An invited lecture given at the Taiwan Philosophical Association at Taiwan University.
Abstract
Early Chinese thinkers did not typically characterize knowledge in terms of sentential constructs nor consider these to be a fundamental constituent or theoretical foundation of knowledge. At the same time, relationships between language and knowledge were the subject of intense critical debate, in which thinkers recognized the possibility of such relations existing and the significance should they hold, but were in each case challenged by those skeptical of their generality. This paper will discuss early explorations of the relation between language and knowledge and attempt to explain why some Chinese thinkers came to be skeptical of the role that language might play in understanding and obtaining knowledge.

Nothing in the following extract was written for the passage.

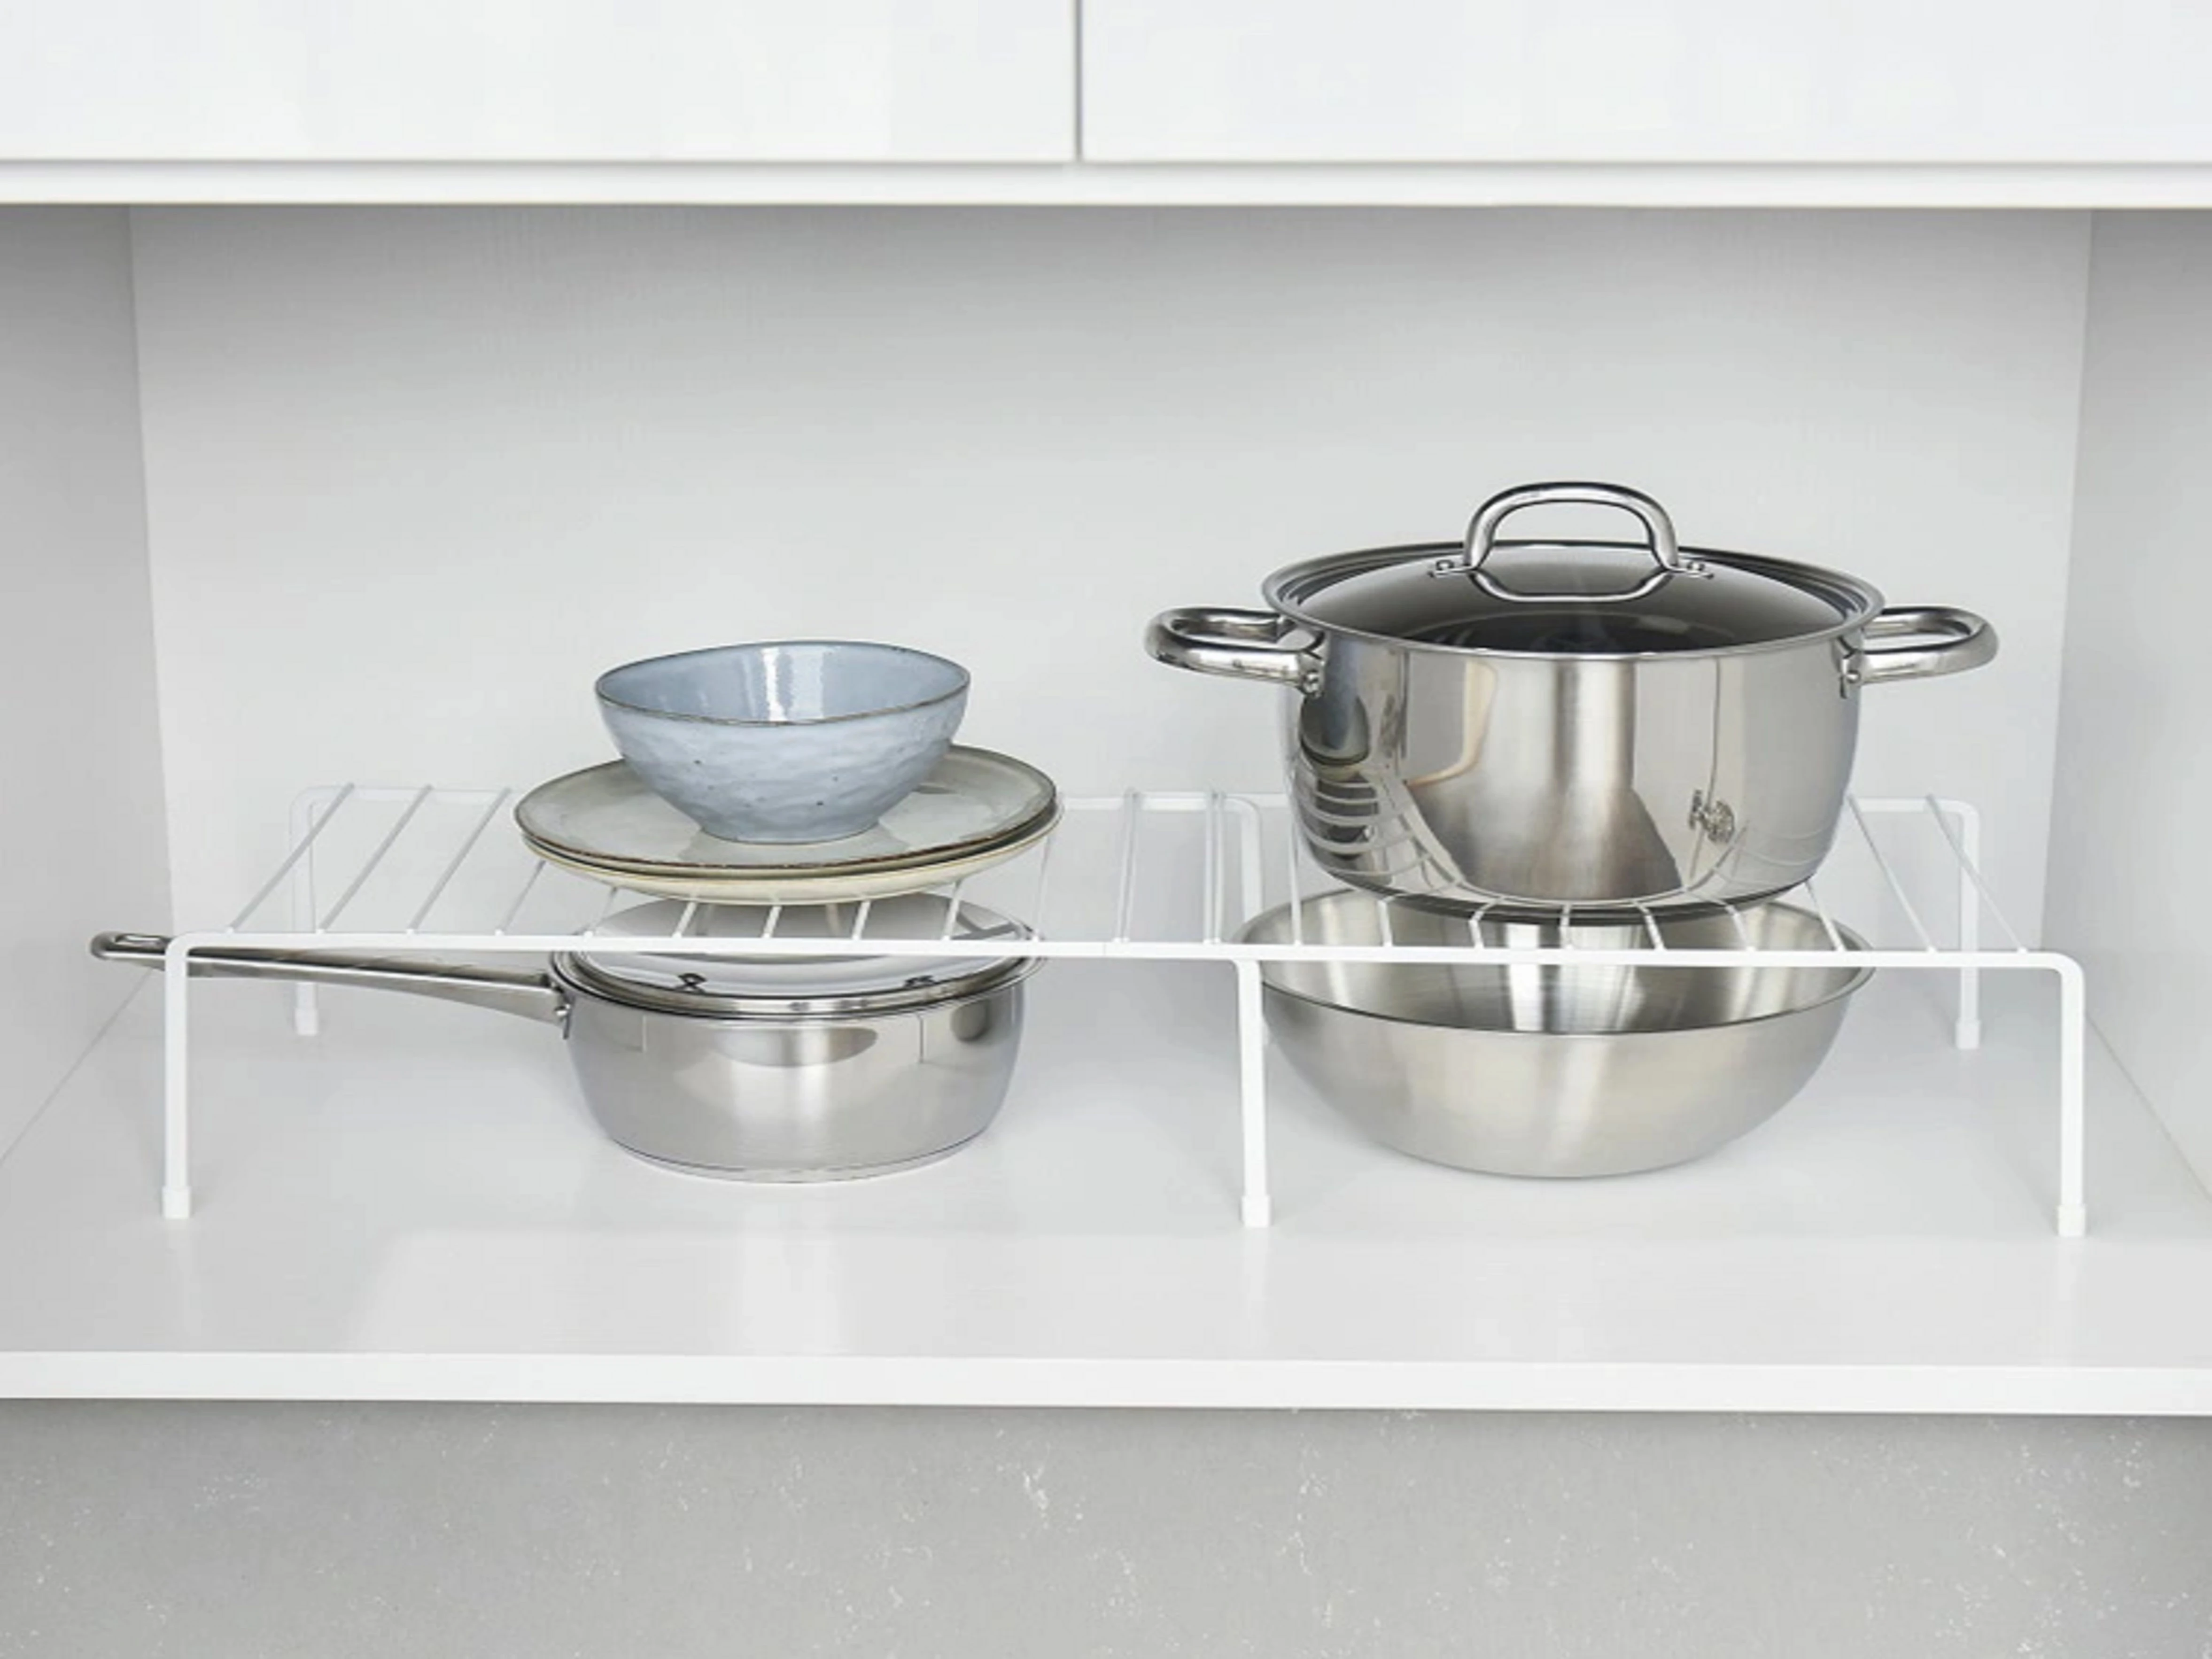 Comparing Different Steel Corner Shelves For Kitchen: Which Type Is Right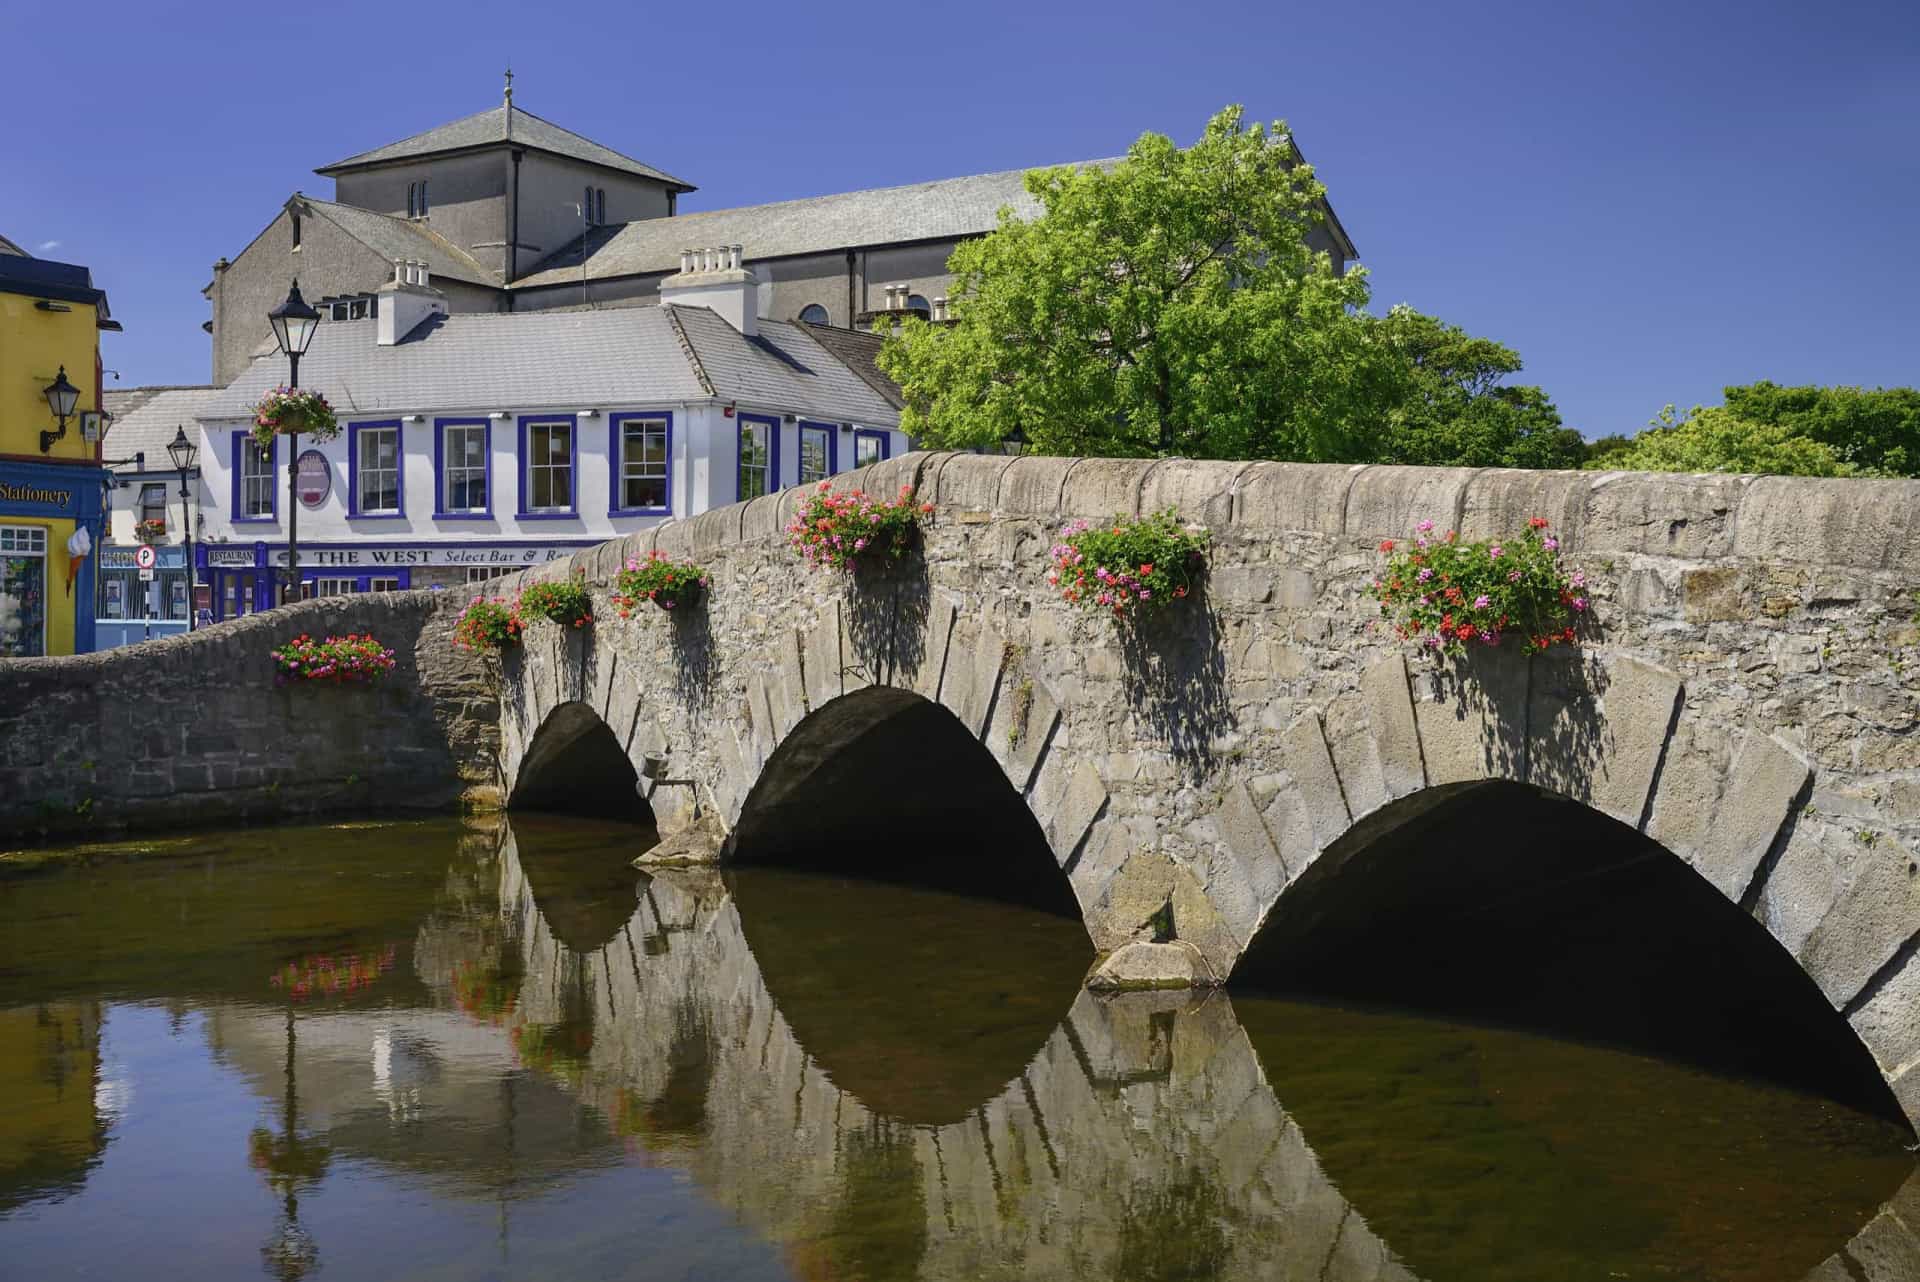 <p>The Carrowbeg river flows through Westport, a handsome town laid out in the Georgian architectural style. A tree-lined promenade known as the Mall runs along the river, which is spanned by several stone bridges.</p>

I shall begin by arguing that in classical Chinese there is an important linguistic disanalogy between knowledge, truth, and belief that would weigh strongly against attempting to account for knowledge in terms of sentential constructs. Instead, knowing was more typically thought of as consisting in objectively correct action and the correct use of words. Secondly, while those with a positive view of the role of language in explaining knowledge attempted to show that there are objective standards that govern the correct use of words, they found it difficult to fully account for the claimed objectivity and uniqueness of these standards. Thirdly, though early thinkers looked for strictly formal regularities in language, in doing so they made the discovery that language does not in fact follow such formal patterns. Finally, Daoists in particular suggested that words can be intentionally used in unconventional ways that force them to take on new and seemingly incompatible interpretations in different contexts, suggesting that words may not be used in accordance with any fixed objective standards at all.